|
Opgepoetst | 22-2-2019 Dikkerd moet in beweging blijven
Voor mensen met ernstig overgewicht is lichaamsbeweging nog belangrijker dan voor mensen met een gezond gewicht. Dat ontdekte ir Wanda Wendel-Vos tijdens haar promotieonderzoek. Lichaamsbeweging verminderde bij mensen met obesitas - de wetenschappelijk term voor ernstig overgewicht - de kans op een hartinfarct met bijna de helft.
"Aan de ene kant heb je de beroertes, waarbij bloedvaten in de hersenen het begeven", legt Wendel-Vos uit. "En aan de andere kant heb je de coronaire hartziekten. Dat is een groep aandoeningen waaronder ook het hartinfarct valt. Die twee groepen zijn de belangrijkste hart- en vaatziekten."
In haar promotieonderzoek onderzocht de aan RIVM verbonden promovenda het verband tussen de verschillende vormen van hart- en vaatziekten, overgewicht en beweging. Toen ze de gegevens van een kleine veertigduizend mensen analyseerde, ontdekte Wendel-Vos dat obesitas de kans op een fatale beroerte vervijfvoudigde. Tenminste, als de zware mensen ook weinig lichaamsbeweging hadden. Waren dikke mensen lichamelijk wel actief, dan verminderde hun kans. Vooral de kans op hartinfarcten en andere coronaire hartziekten daalde fors, al bereikte die niet het niveau van lichamelijk actieve mensen met een gezond gewicht.
Het onderwerp van Wendel-Vos' onderzoek is actueel. "Overgewicht wordt een enorm probleem", zegt de onderzoeker. "Als je kijkt naar hoeveel mensen nu te zwaar zijn, dan valt het nog mee. We doen het minder slecht dan andere landen. Maar de groeicijfers zijn spectaculair. Sinds de jaren zeventig is het percentage mensen met overgewicht verdubbeld. Als er niets verandert, zitten we over enkele tientallen jaren diep in de problemen."

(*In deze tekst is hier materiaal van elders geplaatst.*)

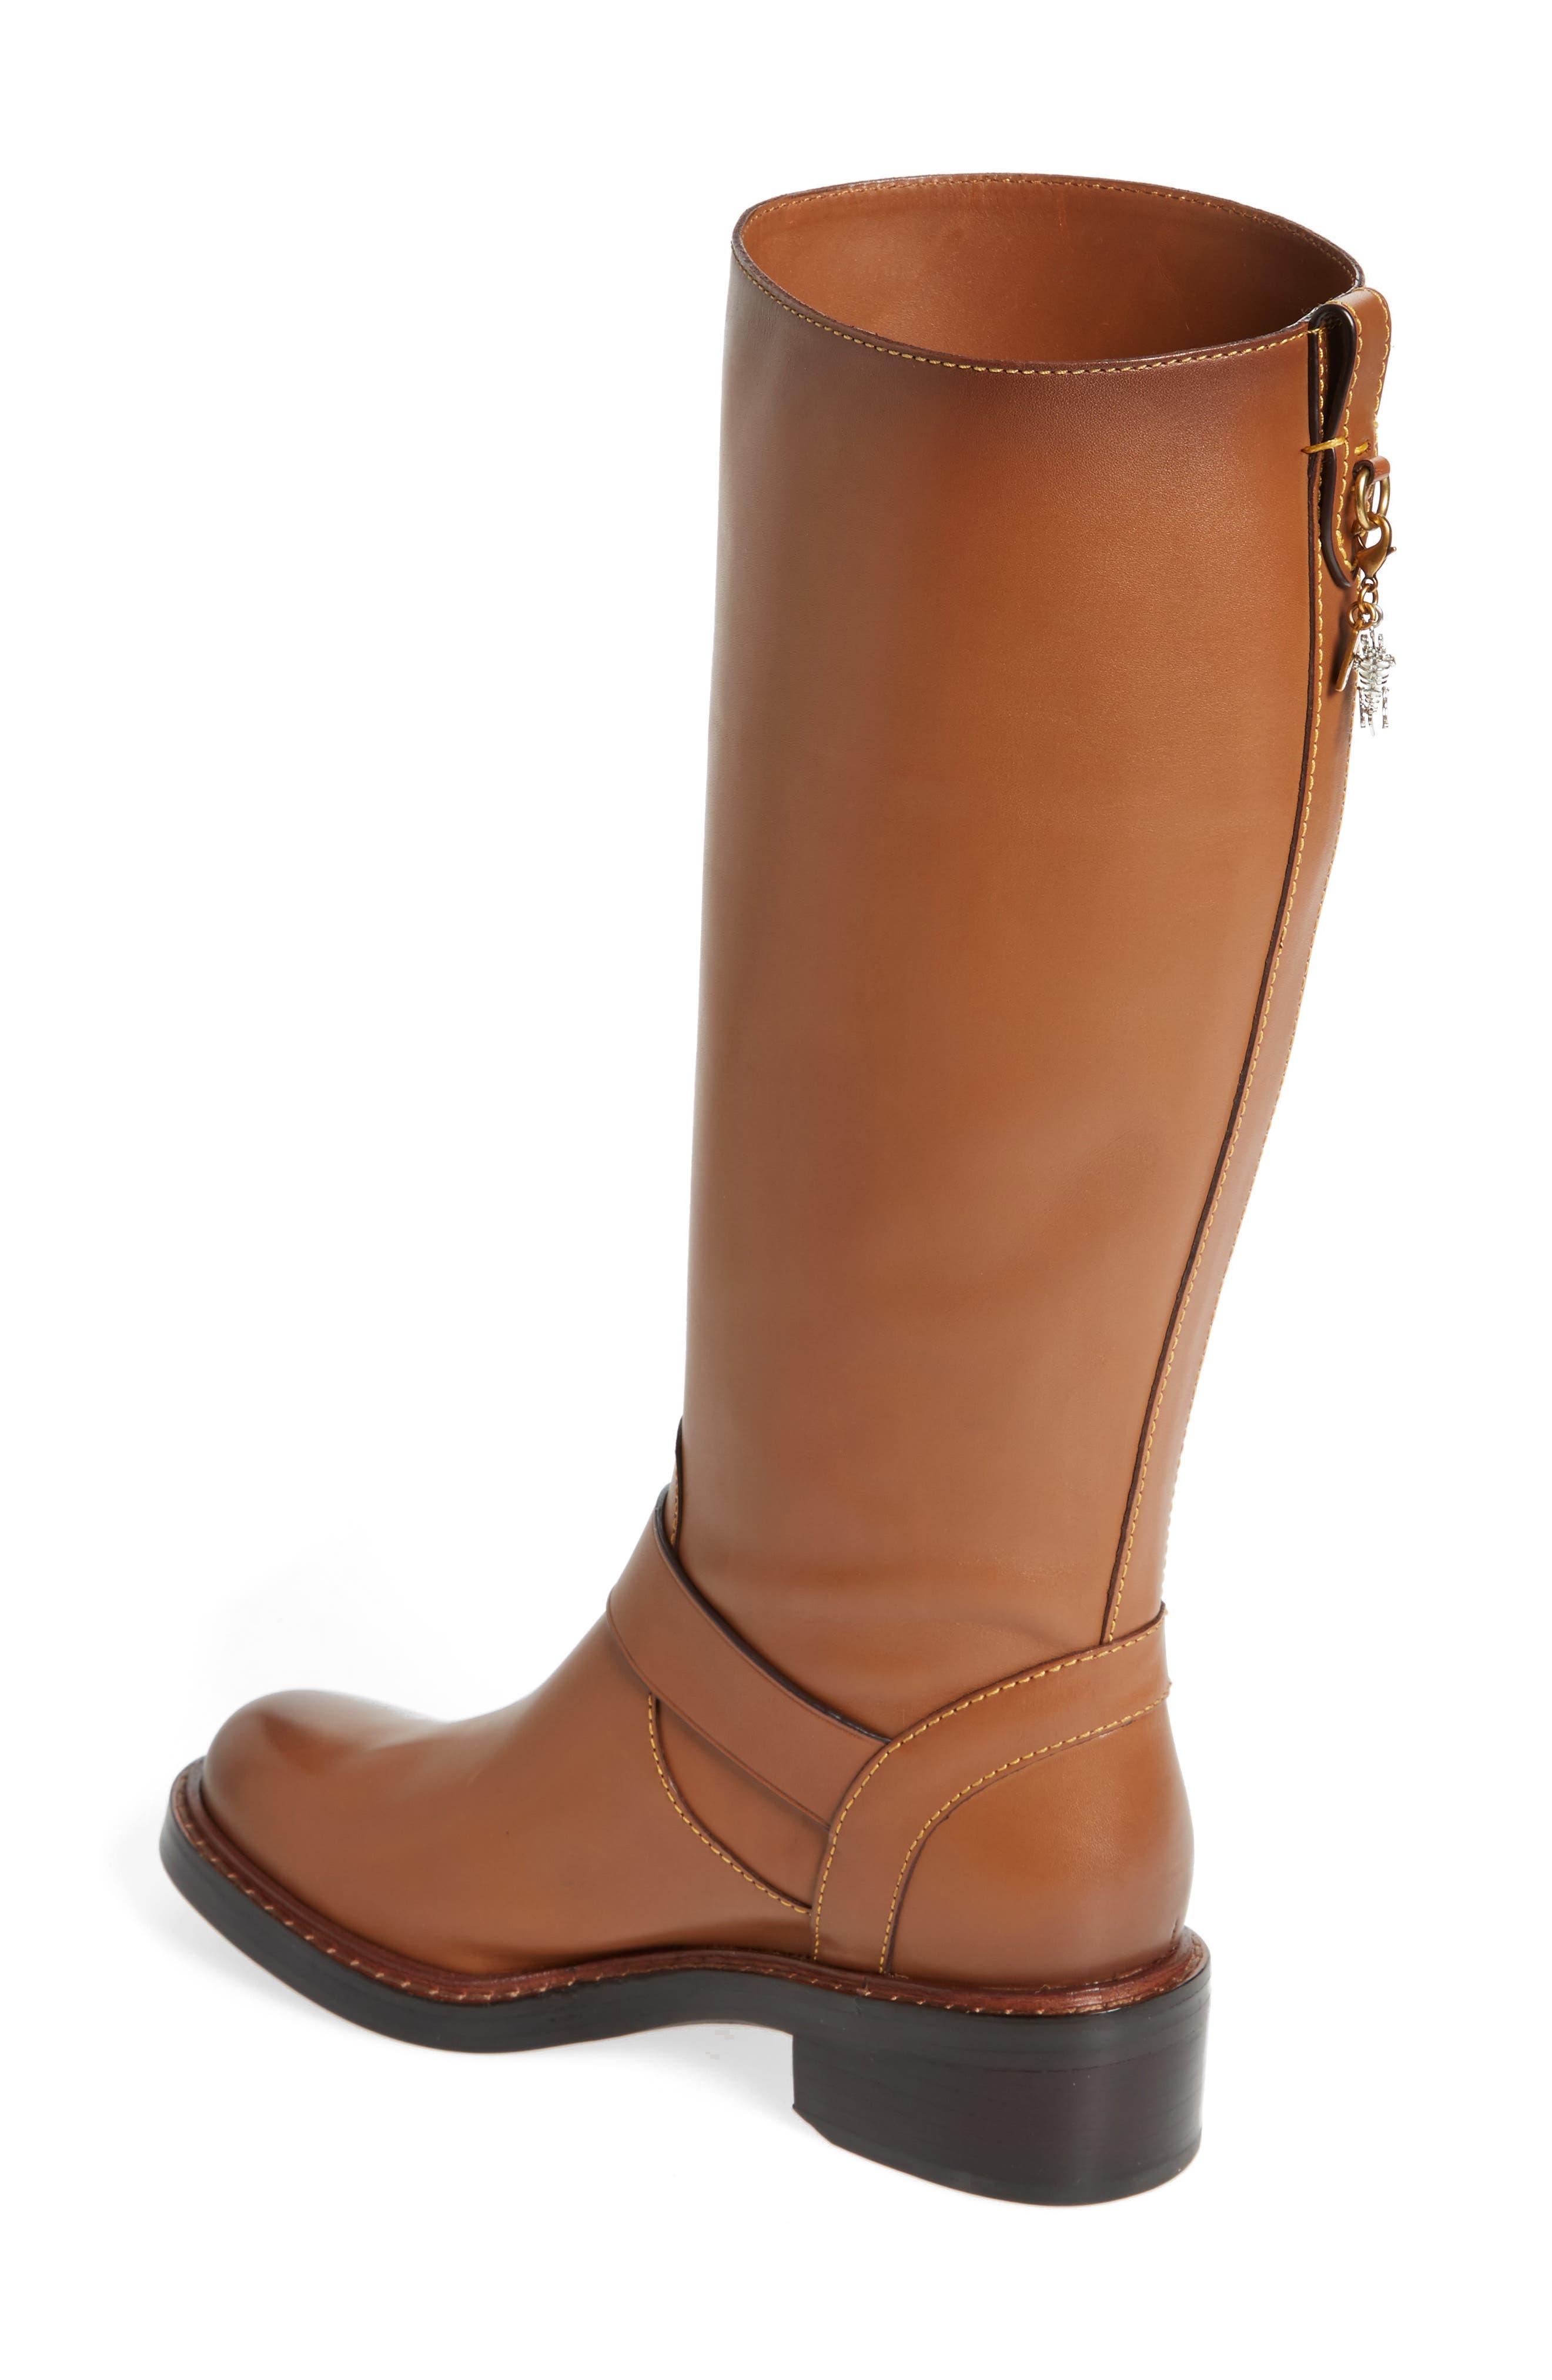 Alternate Image 2  - COACH Sutton Riding Boot (Women)
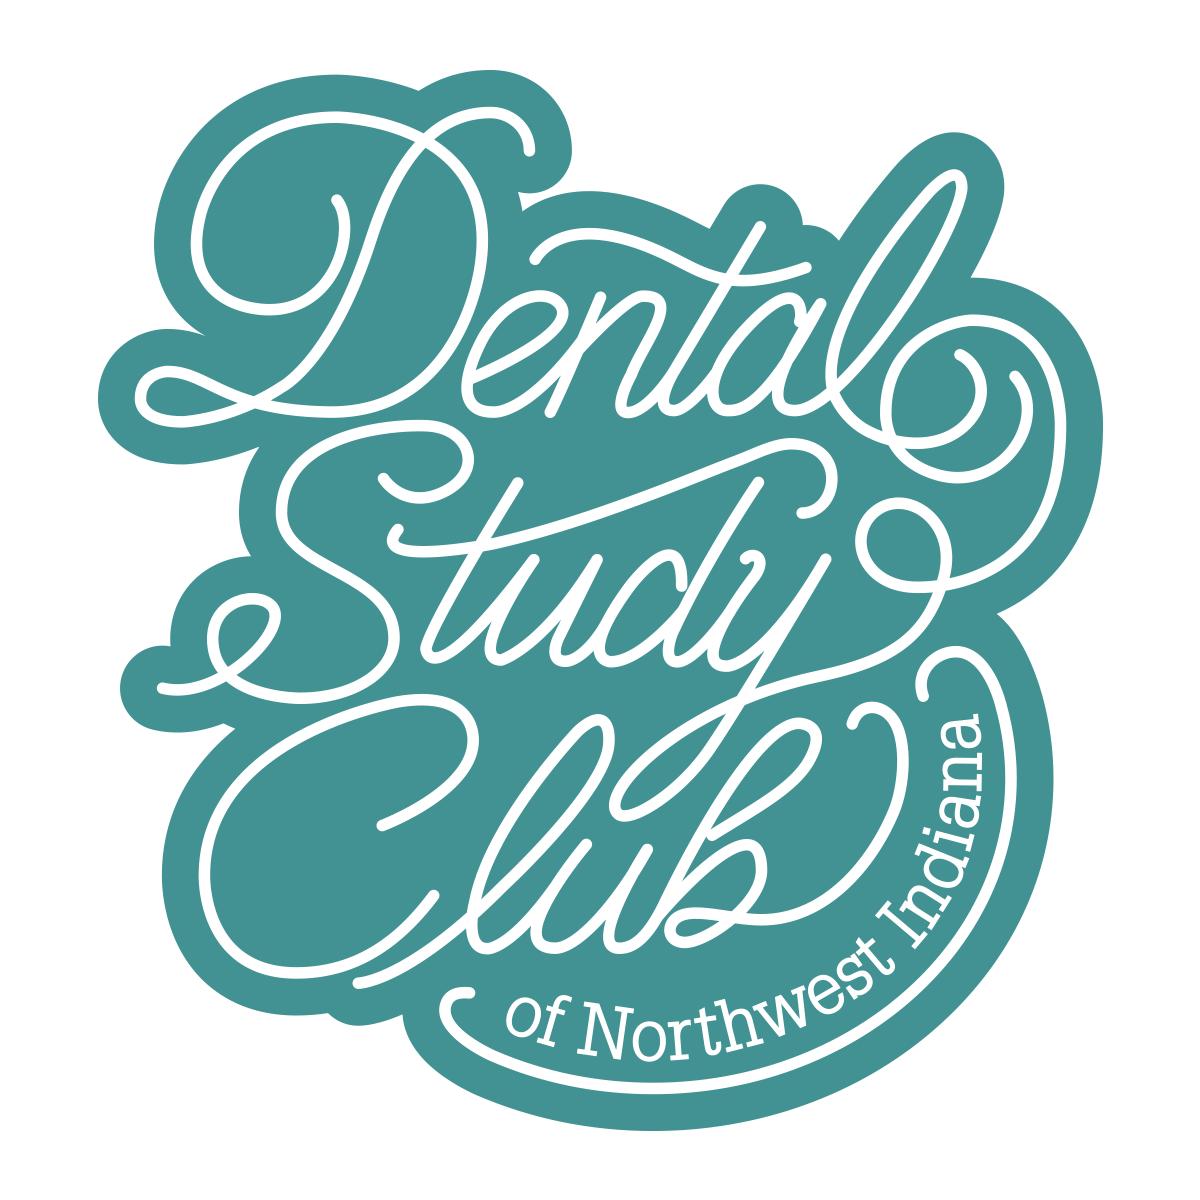 Dental Study Club of Northwest Indiana

Wendel-Vos onderzocht welke factoren maken dat iemand veel beweegt. "Het belangrijkste verband dat we vonden was dat tussen de tijd dat mensen fietsen en de totale oppervlakte aan sportvelden in hun omgeving", zegt de onderzoeker. Voor dat verband vond ze twee mogelijke verklaringen. "Sportvelden vind je meestal aan de rand van de stad. Daar zijn geen winkels, en dat betekent dat je zult moeten fietsen naar het centrum. Aan de andere kant denken we dat mensen aan de rand van de stad sneller de fiets pakken om er op uit te gaan."
Wanda Wendel-Vos promoveerde op 2 juni bij prof. Daan Kromhout, hoogleraar Volksgezondheidsonderzoek.
Weekblad voor Wageningen UR, 2 juni 2004.